The light wavered, and twisted upon itself. Tamia looked on, her mouth slack as a half-wit's.
Suddenly a man stood before her.
His face was delicate, almost feminine, with a pale green shade to it.
A laughing yet compassionate mouth was centered beneath eyes the same leaf-green as Tamia's own. He was clothed in a simple robe of undyed cotton.
A wave of recognition swept her to her very soul, yet she knew with a terrible certainty that she had never seen him in all her fourteen years.
"Father...?" She ventured, her foot taking an uncertain step forward. It was then she relised her surroundings. She was surrounded by palette of soft whites, all slightly different in texture. Here or there she saw hints of shapes, but
whatever was out there was keeping itself hidden.
"Where am I?" She murmured, confused.
"Hush Tamia, all will become clear in time." Her father's voice was warm and tender, yet guarded.
"but father..." She took a step towards the lost parent. He waved her back, regret showing in his eyes.
"I cannot. Not here. There are... others." he looked away, tears shining. "You look just like your mother." His voice cracked. "What I would have done to go back to her that day." He shook his head.
Turning to her, her raised a hand. "You must go. We will meet again when we are unobserved."
Tamia's head burst with unanswered questions. She looked at the pale ivory clouds far below her.
Where had he gone?
Why?
Those days of sitting at the window wondering haunted her. She looked up at him, a protest forming on her lips.
He was gone.
Behind her, shadow leapt.
Tamia sat bolt upright, unable to say what caused her heart to race and her mind to panic.
She held her head as overwhelming pain hit her, wave after wave, in time with her heartbeat.
"My head!" she gasped, struggling to get to her feet on legs unable to
comply as she would like. She eventually dragged her self to her feet, and once she stopped trembling she raised her head, pondering. Her reflection caught her eye in a polished brass plate.
"Father..."
Tamia fingered her small, pointed ears. Her hair, the pale colour of
driftwood, was straight and fine. Her mouth was set and determined,
yet slightly curved upwards as if she she was smiling at some jest no-one else could hear or understand.
Then recollection hit her.
"Ma!" She cried, spinning on her heel, all pain forgotten.
Her mother was slumped against the wall, as limp as a soliti in winter hibernation.
Tamia shook her roughly, desperation creasing her face. "Ma, wake up ma! don't do this to me!" Tear slid down her face, making her look like a child.
"Tamia..." a gasp from her mother rose tamia from her keening. "Tamia, my necklace... take it for me..." Tamia was shocked "Mother! But, Its yours! you'll be fine mother... just hang on!"

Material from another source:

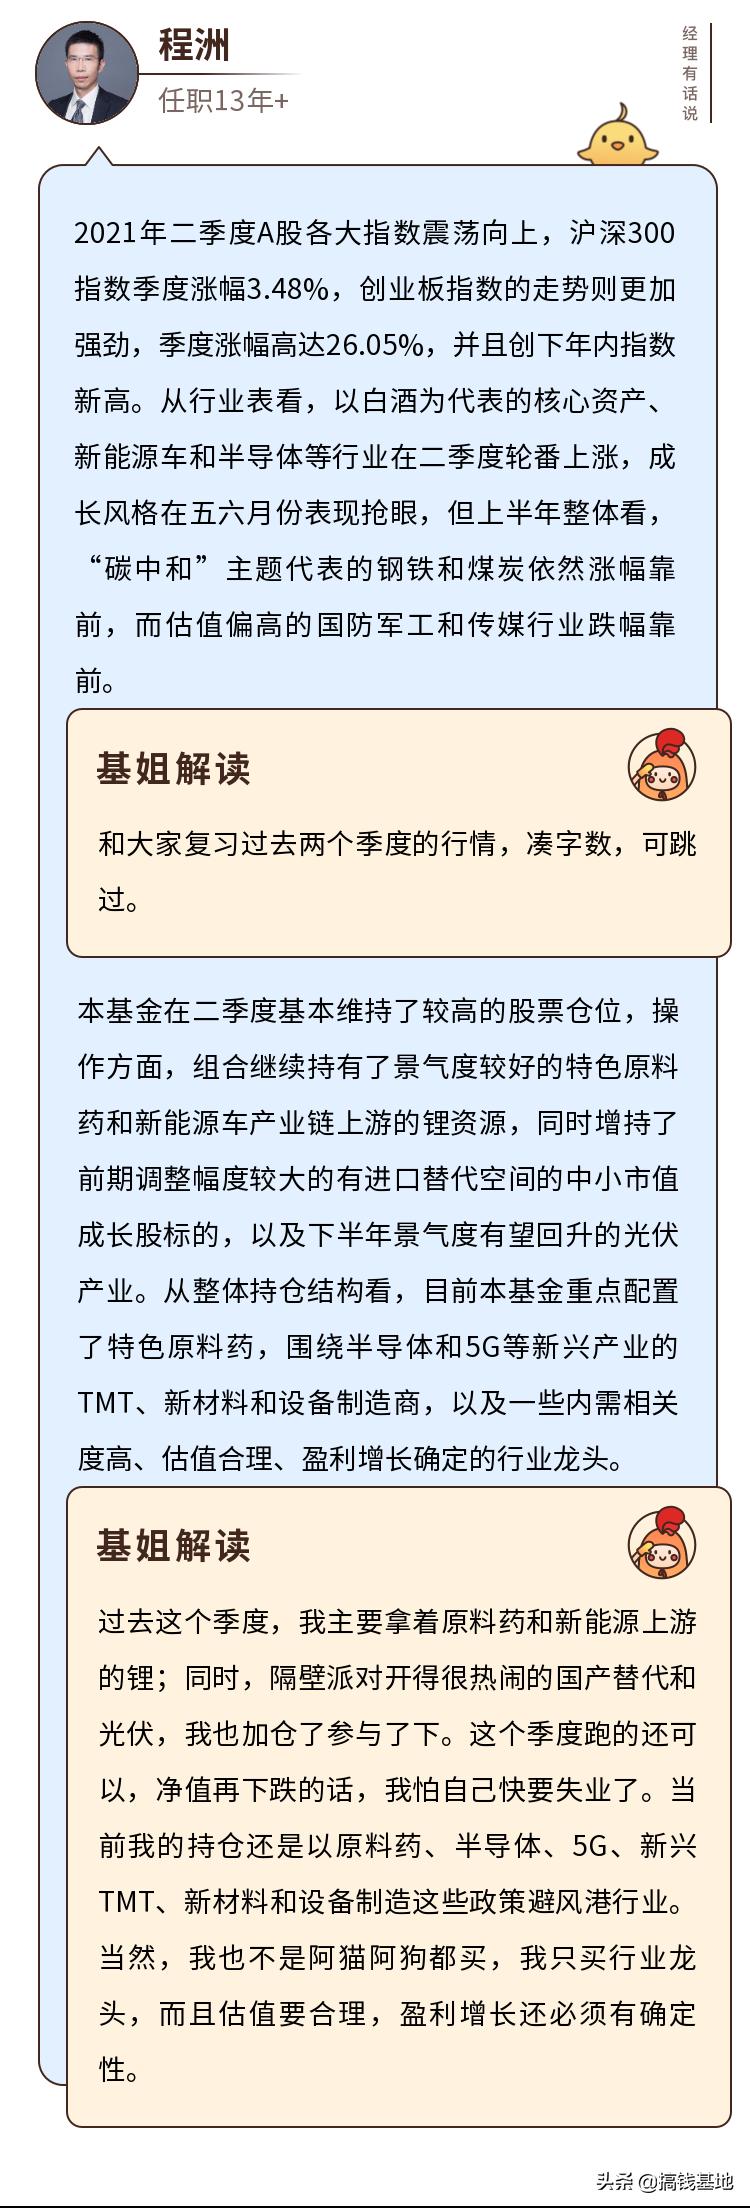 基金测评(1000-46) 国泰金牛创新成长,完胜沪深300,但最近有猫腻

Tamia more begged then believed.
"Tamia... take the necklace. Anything of value-" she halted, gasping for breath.
"Ma I saw father! Please mother just hand on." Hysteria crept into her voice as she gazed on her mother's passive face. It seemed she didn't mind that she was dieing. "You will be fine, and it will be the same Ma! maybe father will come back to us, maybe... maybe..." Her voice trailed off, uncertain.

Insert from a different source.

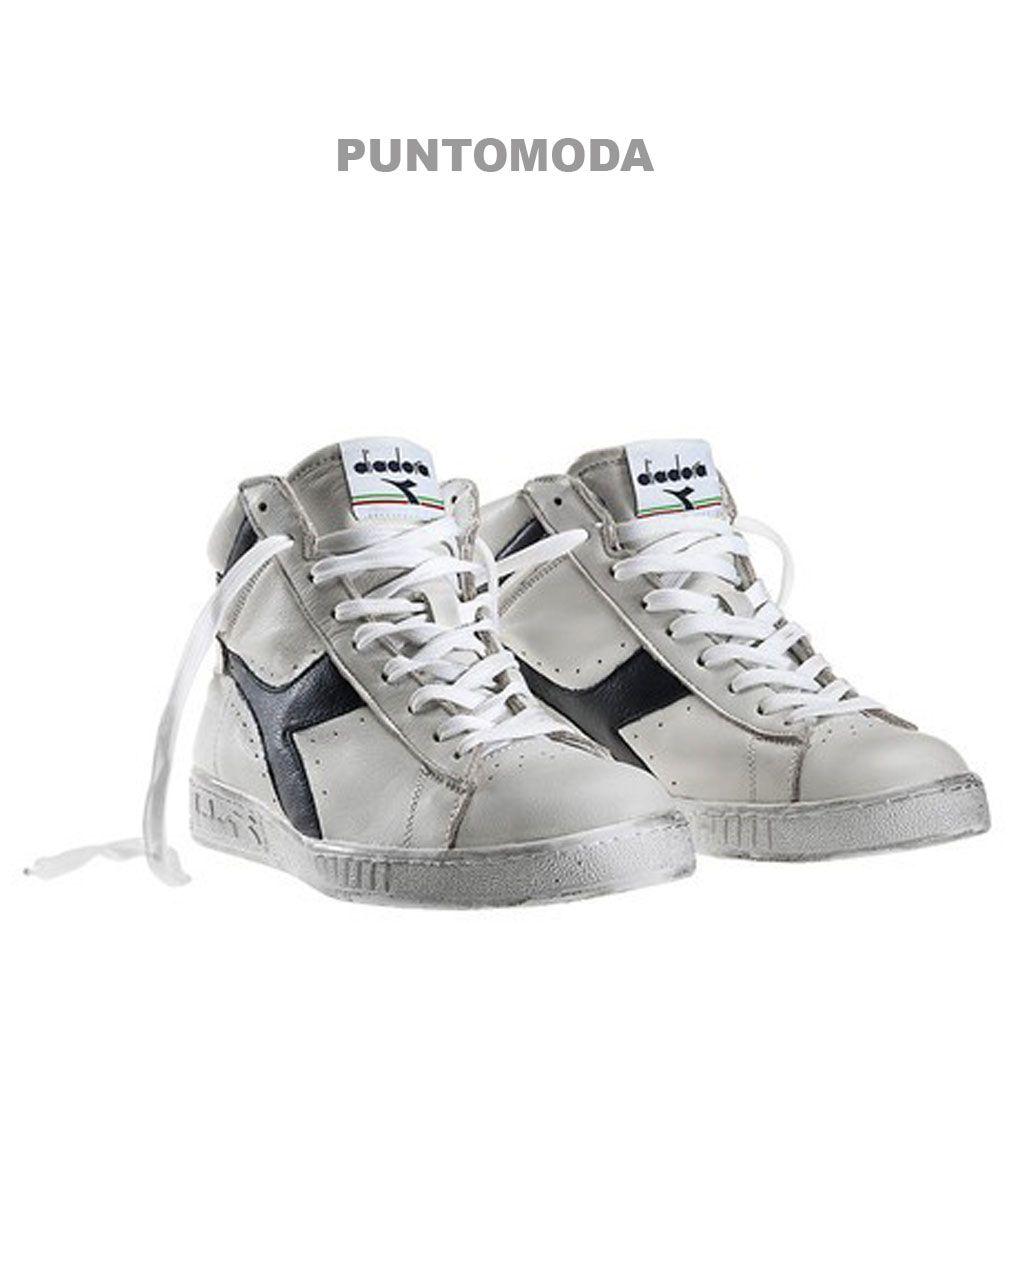 #DiadoraGame #Puntomoda

"No Tamia, take my necklace find... your father. I am finished. Go sweetling..." Her last words trailed off as her eyes grew dim as all of her bright life left her. All the laughter, the cheer and the steely determination Tamia relied on left her, her body no more then a decaying shell.
The days off sitting with her mother, listening to her wisdom of the wider world from her days traveling as a bard, over.
No more self-defense practice with her wily parent.
No more laughter while doing the washing.
Tamia raised her head in high, almost animal keening for her beloved mother.